Stored data:
▽

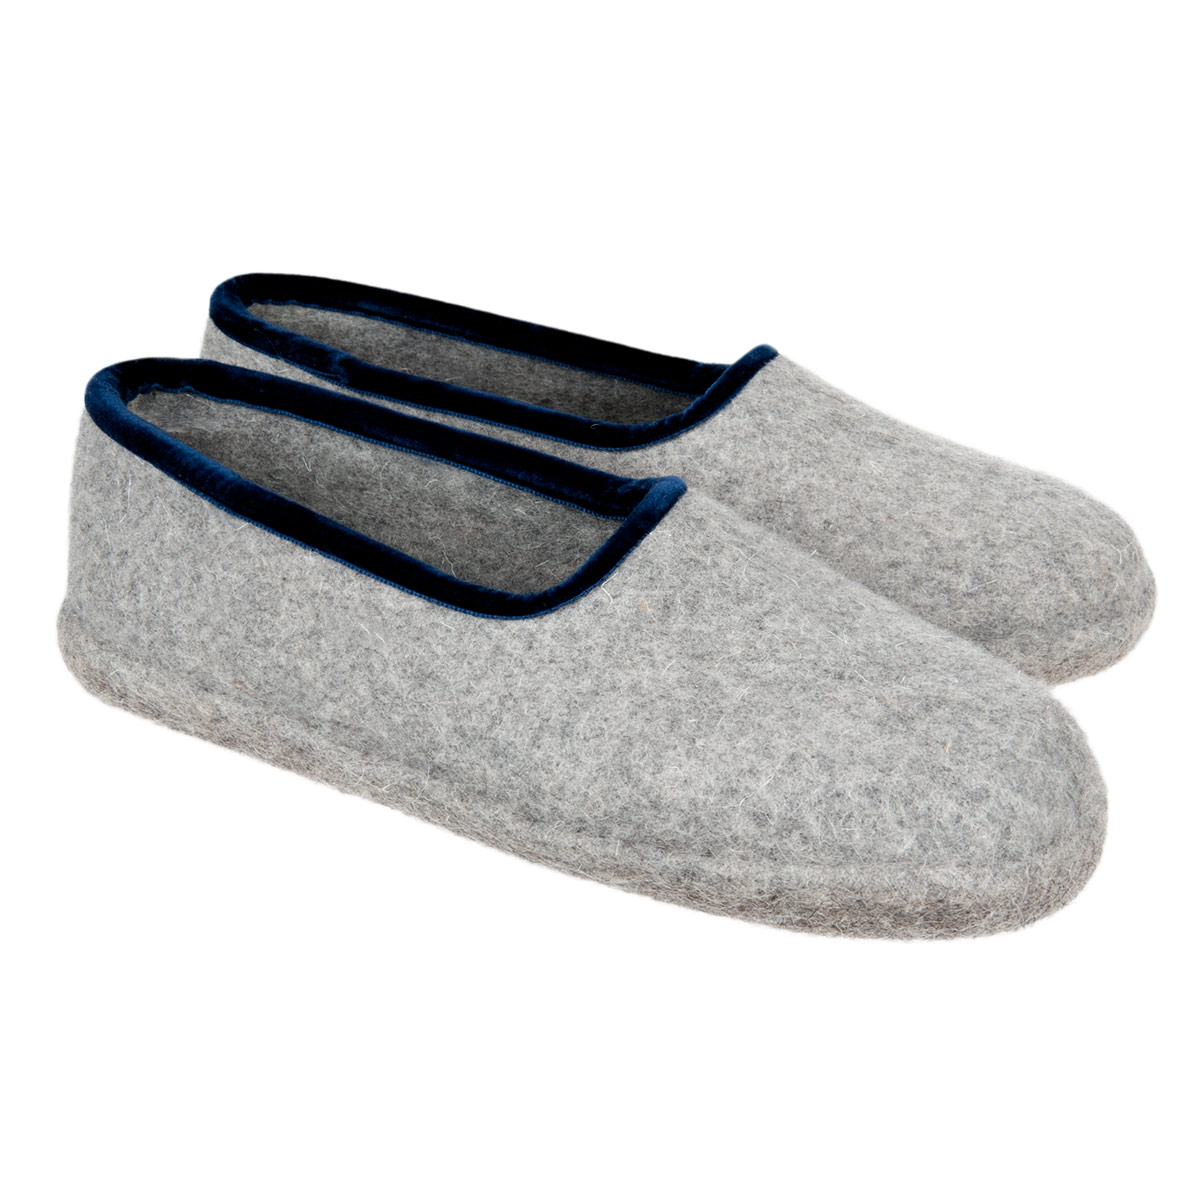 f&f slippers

△
▽

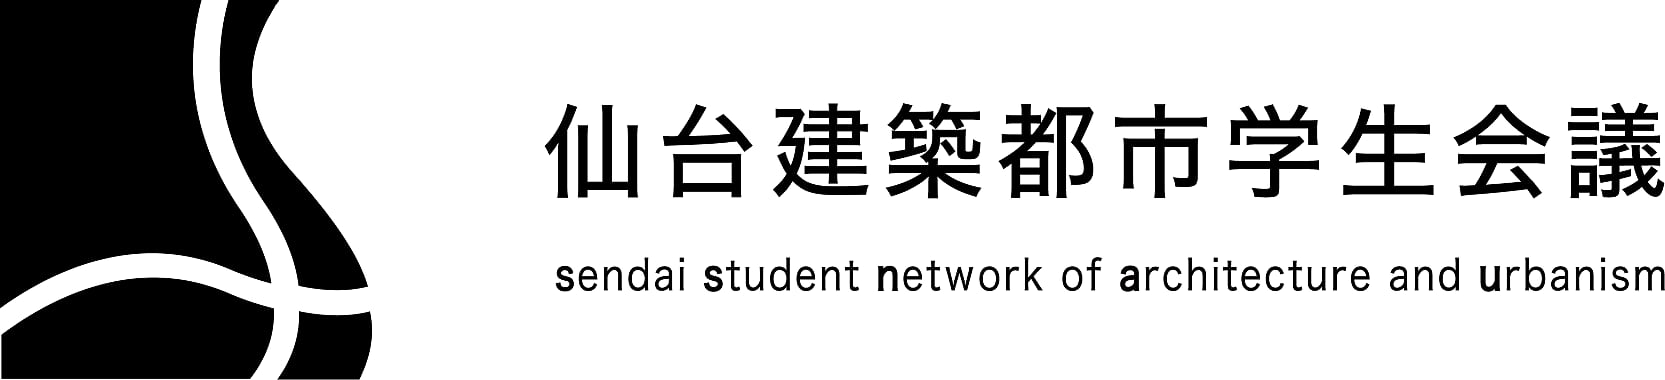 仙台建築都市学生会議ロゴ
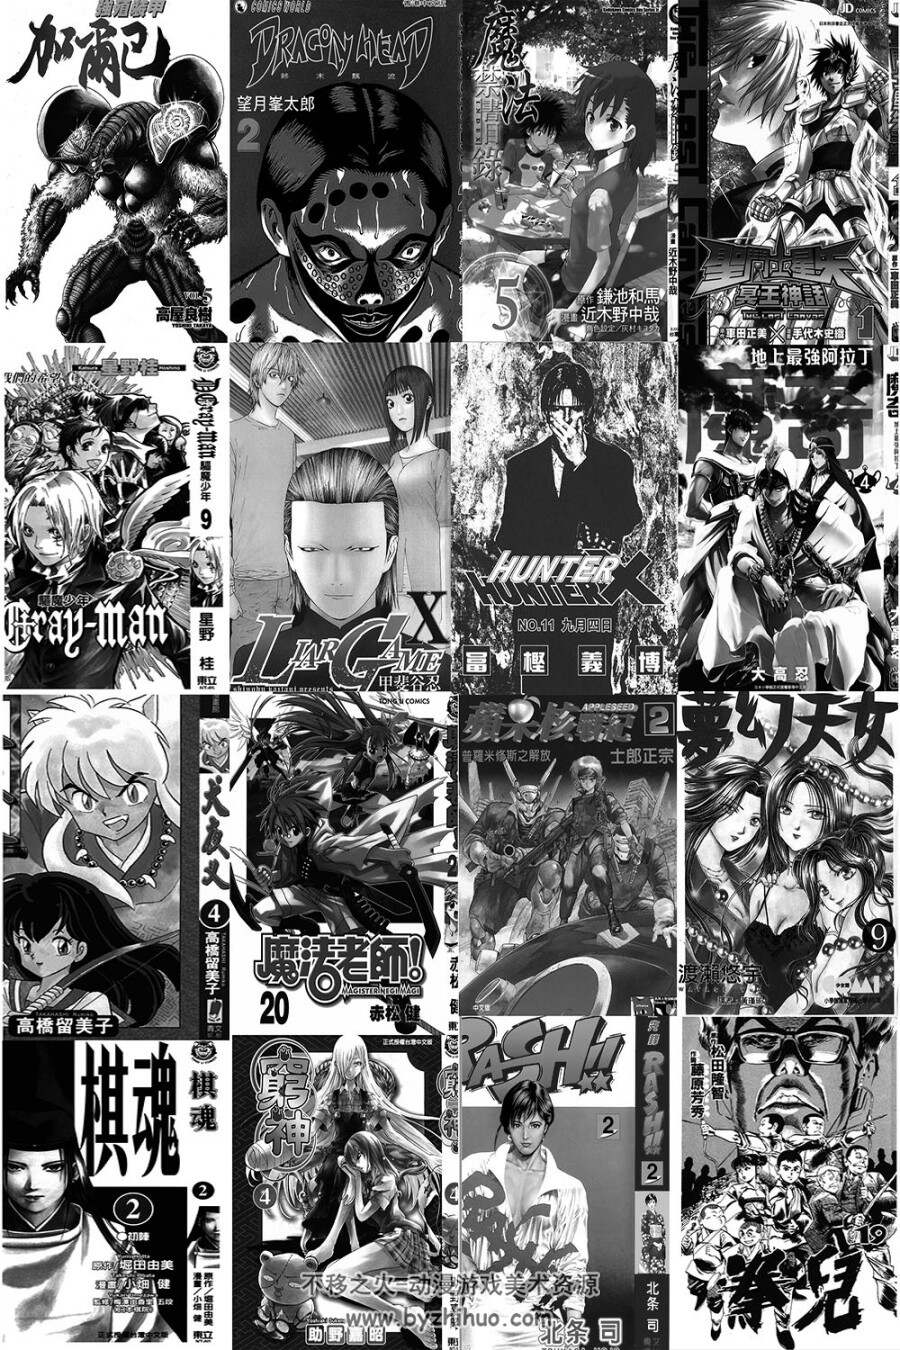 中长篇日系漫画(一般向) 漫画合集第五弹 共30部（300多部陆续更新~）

△

Work request: Output only the lines above from the one containing "仙台建築都市学生会議ロゴ" to the one containing "中长篇日系漫画(一般向) 漫画合集第五弹 共30部（300多部陆续更新~）", both included, exactly as written and with no pictures.

Solution to the problem:
 仙台建築都市学生会議ロゴ
 中长篇日系漫画(一般向) 漫画合集第五弹 共30部（300多部陆续更新~）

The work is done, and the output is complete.